Given the lamentable state of political discourse online, one might expect that Wikipedia — a crowdsourced encyclopedia to which anyone can contribute and edit information — would suffer from similar epistemic rot. But research recently published in the journal Nature Human Behavior suggests just the opposite: on pages where Wikipedia editors are ideologically polarized, the quality and truth of their output actually improves.
The study, entitled “The Wisdom of Polarized Crowds,” comes out of the University of Chicago’s Knowledge Lab, which investigates how groups of people come to know things together. The director of the lab and professor of sociology, James Evans, told me that part of this research project involves assessing the extent to which individual political commitments contribute to a group’s ability to produce knowledge.
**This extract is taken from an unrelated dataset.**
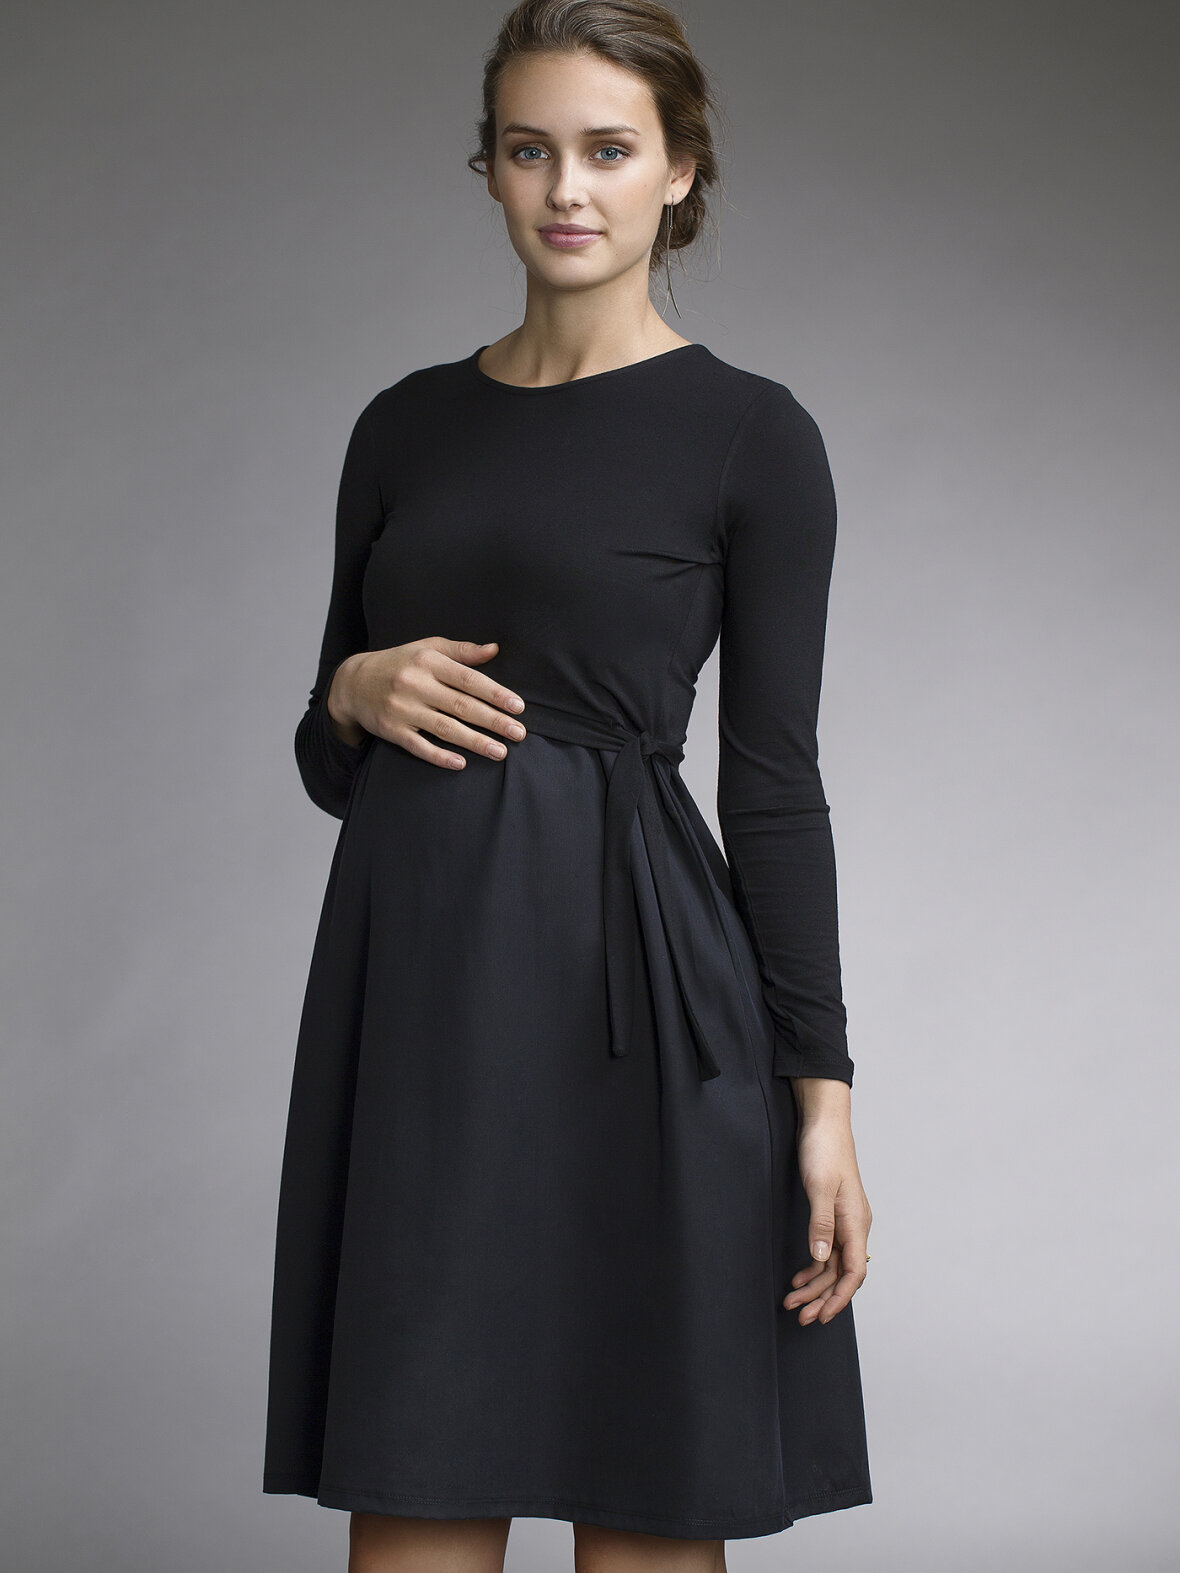 a4ac013c7955 Enula9 - Gravid kjoler - Boob - Dress 50 50 - Ammekjole

They found that when an editing community is politically polarized, the depth and accuracy of the information significantly improves, and inversely, as editing communities become ideologically homogeneous, the quality of the page dramatically declines.
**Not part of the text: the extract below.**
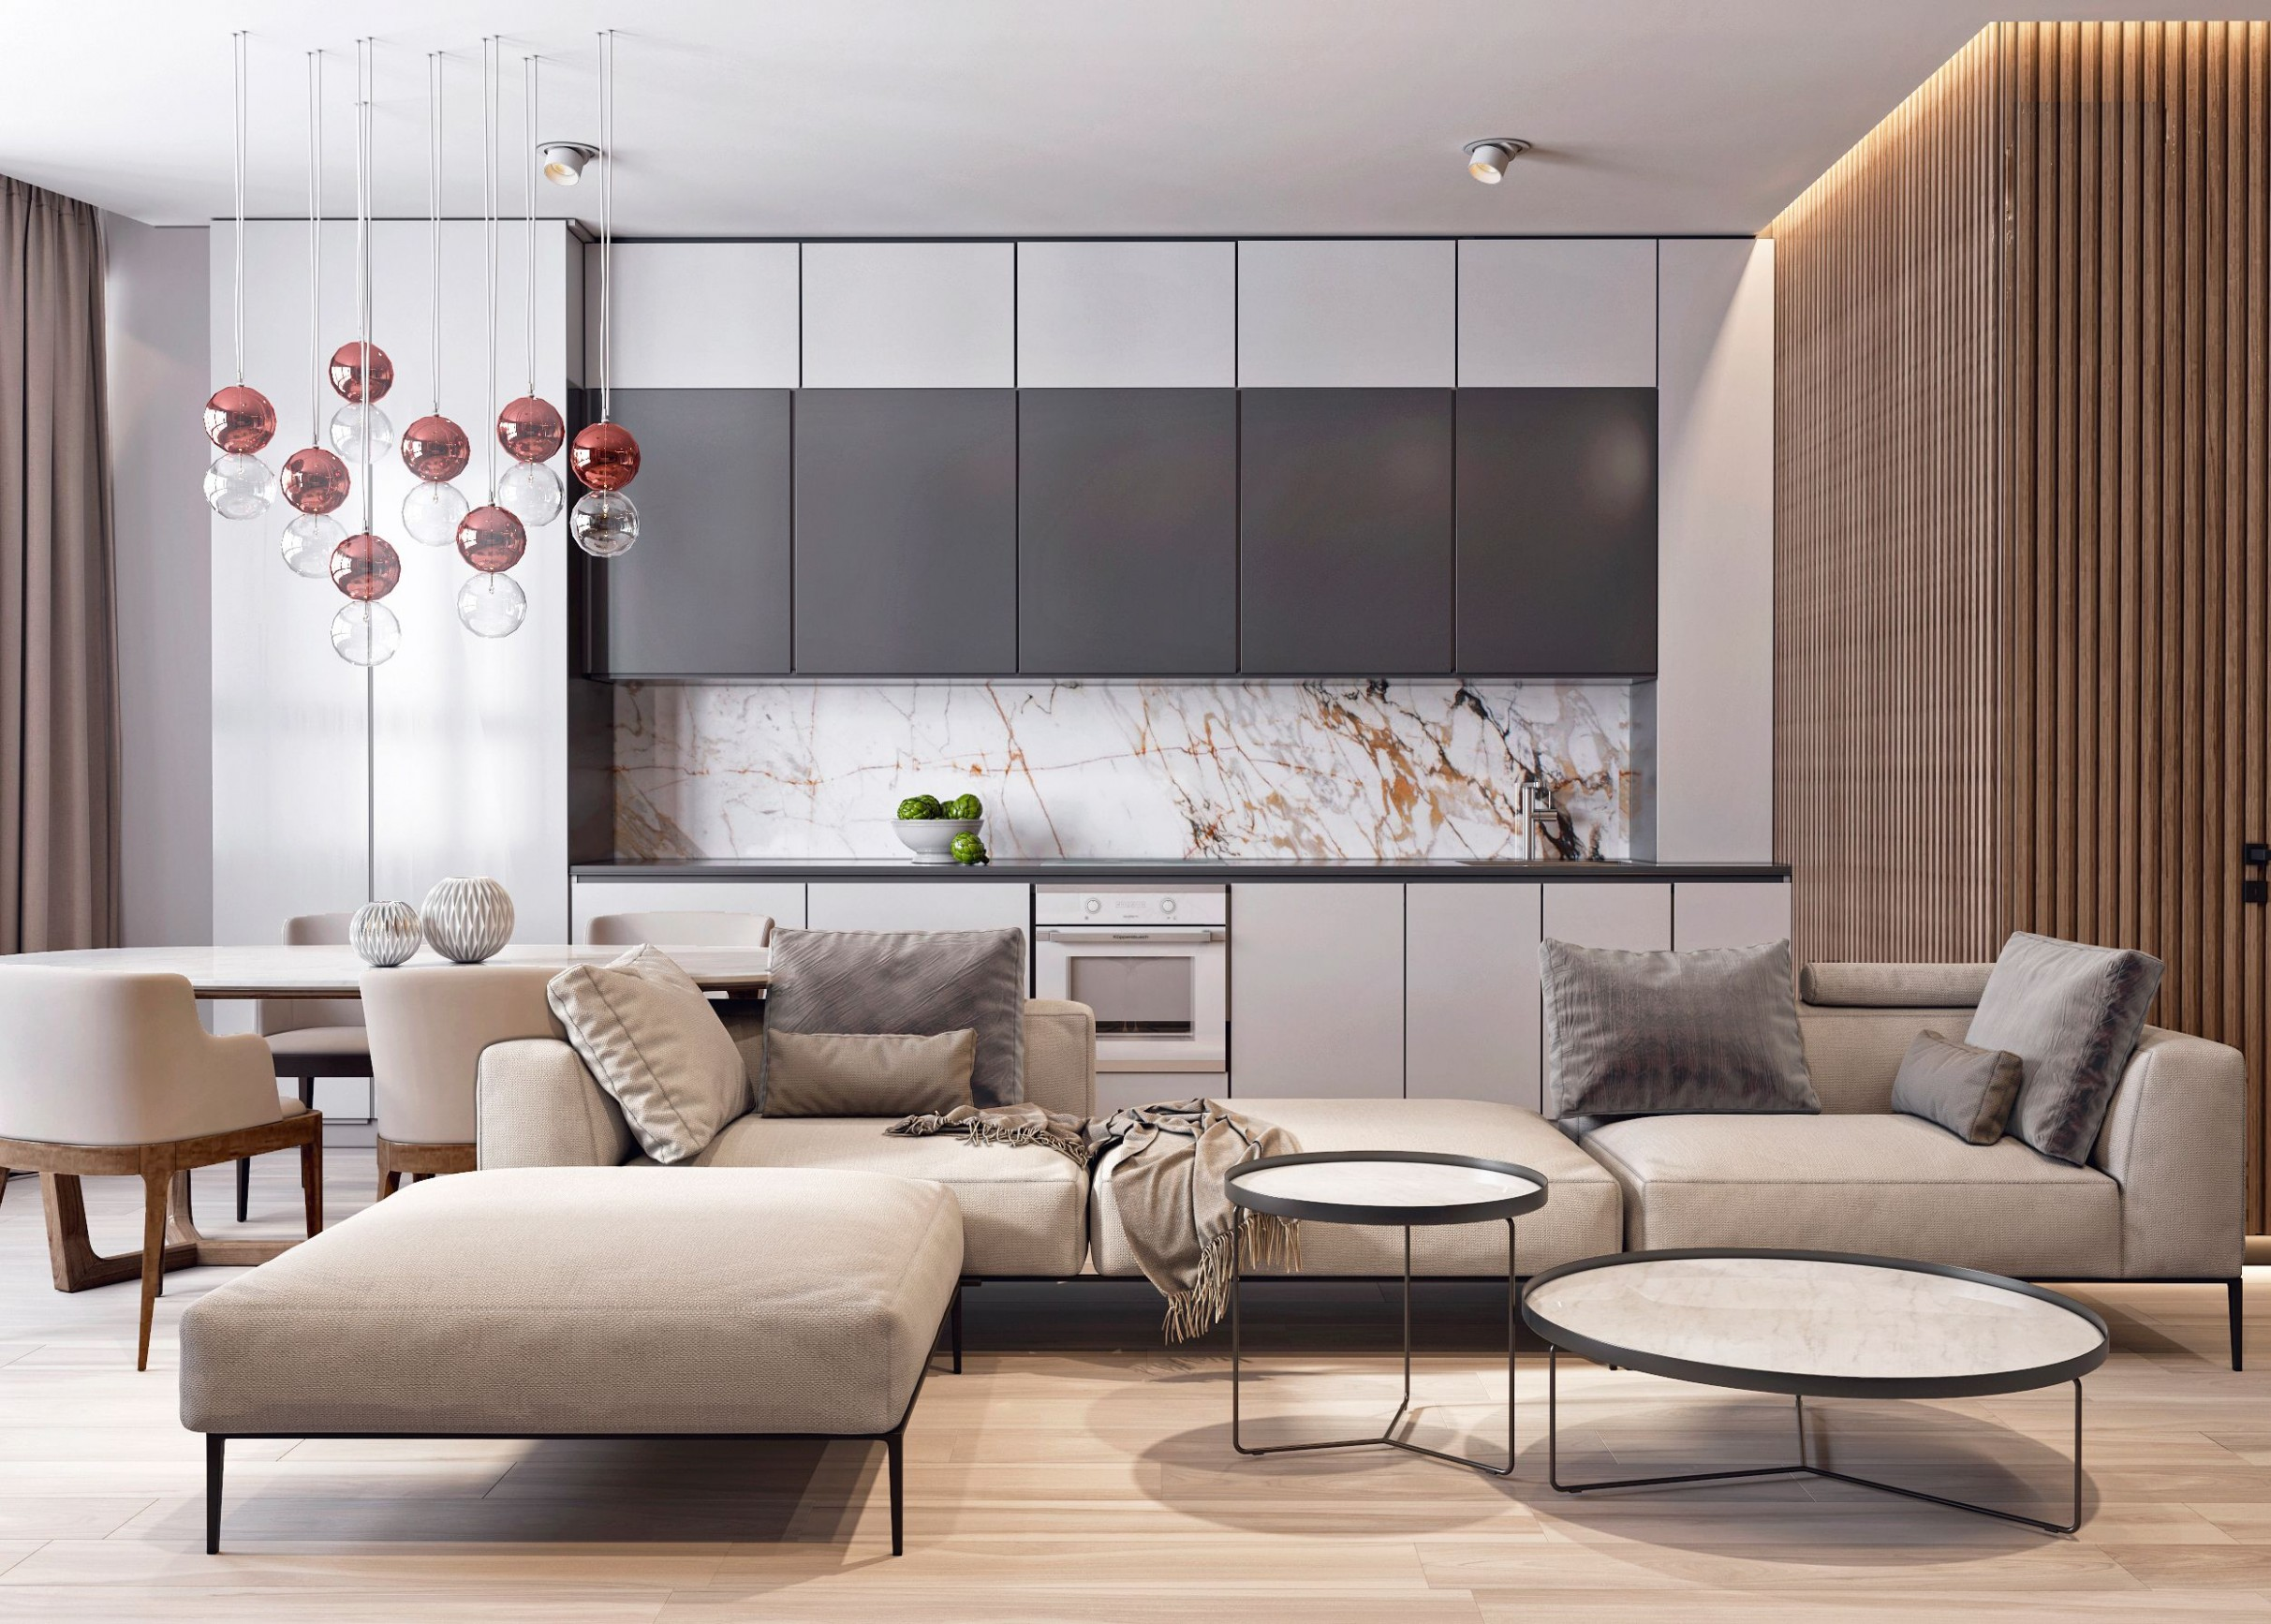 Modern home interior design: best trends of 11 - Hackrea - Apartment Design Trends 2021

Evans has observed that while many studies show how diversity of socioeconomic background, gender, and race can lead to better group outcomes, the conventional wisdom is that this isn’t the case for extreme political diversity, which is often characterized as polarization. He and a team of three researchers wanted to test this presupposition and assess whether political diversity could sometimes produce better perspectives, in much the same way demographic diversity can.
To do so, they turned their attention to how knowledge is produced on Wikipedia…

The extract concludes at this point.